Golding´s metaphysicsWilliam Golding´s novels in the light of Arthur Schopenhauer´s philosophy

  1. Saavedra Carballido, Jesús Manuel
Dirigida por:
  1. Jose Manuel Barbeito Varela Director

Universidad de defensa: Universidade de Santiago de Compostela

Fecha de defensa: 04 de febrero de 2016

Departamento:
  1. Departamento de Filología Inglesa y Alemana

Tipo: Tesis

Teseo: 408412 DIALNET

Resumen

This thesis analyses the metaphysical concerns of the British novelist William Golding through the prism of Arthur Schopenhauer´s philosophy. Using this theoretical framework makes it possible to bring together a series of metaphysical elements that appear in Golding´s works and that previous interpretations have failed to connect with each other. After offering an overview of those readings and of Schopenhauer’s theory, I examine the aspects of Golding’s novels that coincide it.
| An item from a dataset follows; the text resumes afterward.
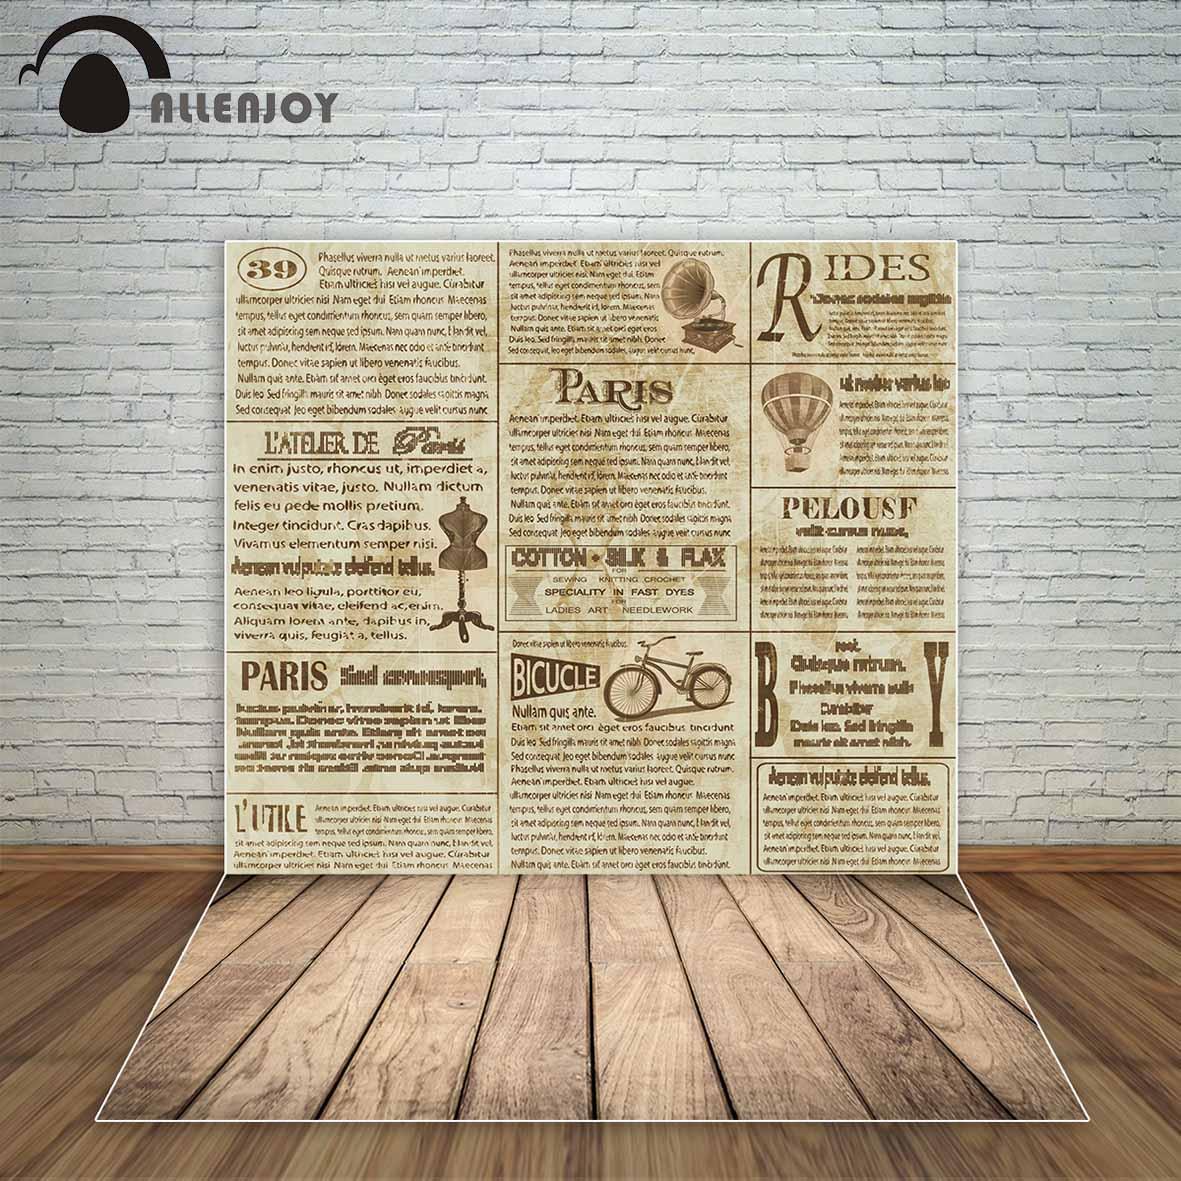 Allenjoy Vieux journal style vintage rétro fond avec plancher en bois cadre cool fonds décorations photographique professionnel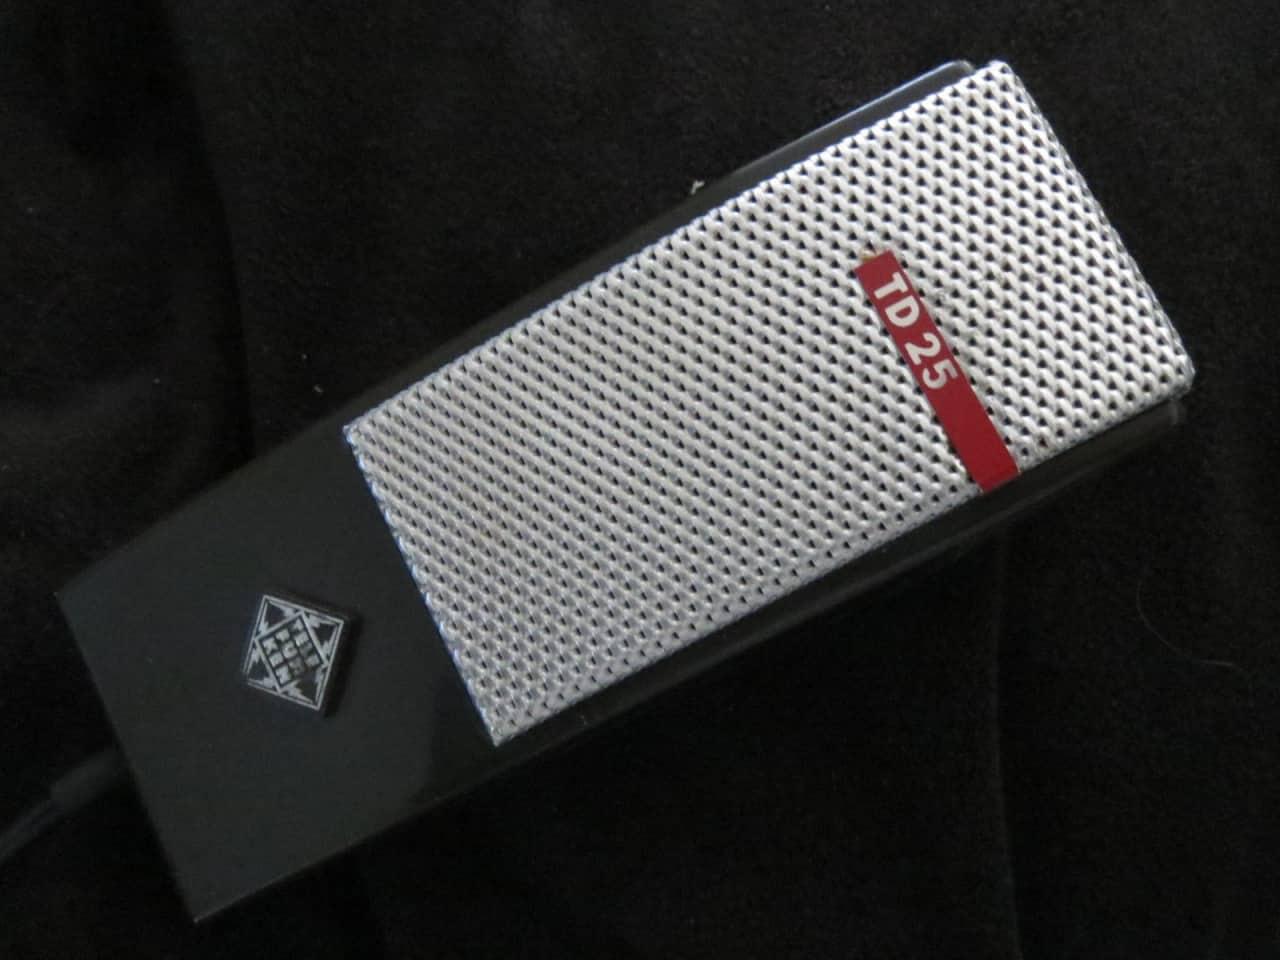 Telefunken Td25 Rare Vintage Dynamic Cardioid Microphone

Thus, I deal with the kinds of knowledge — rational and non-rational — available to his characters, and their capacity to reach the metaphysical side of the world. Next I discuss Golding’s treatment of the descriptions of the world provided by science, art and religion. Religion focuses on the essence of the world, often conceptualising it as will. Since this essential will is an amoral urge which cannot be satisfied and in which our inborn and unchangeable character is rooted, Golding presents human life as characterised by mutual aggression and pain. Despite offering several ways of avoiding suffering — aesthetic contemplation, compassionate altruism, death and social repression — he suggest that, with the exception of death, they can only mitigate pain, never put an end to it; hence Golding’s pessimistic rejection of utopian solutions. All of these aspects of his novels coincide with Schopenhauer’s philosophy. However, Golding gradually introduces a series of elements that diverge from the world view to which Schopenhauer gave philosophical expression: Golding begins by contemplating the possibility of choosing what to will; then he questions the possibility of knowing the essence of the world; finally, he opens the door to utopia. Apart from these, the novels contain another element that is not included in Schopenhauer’s model: the divinity. I finish my discussion exploring its place in Golding’s works.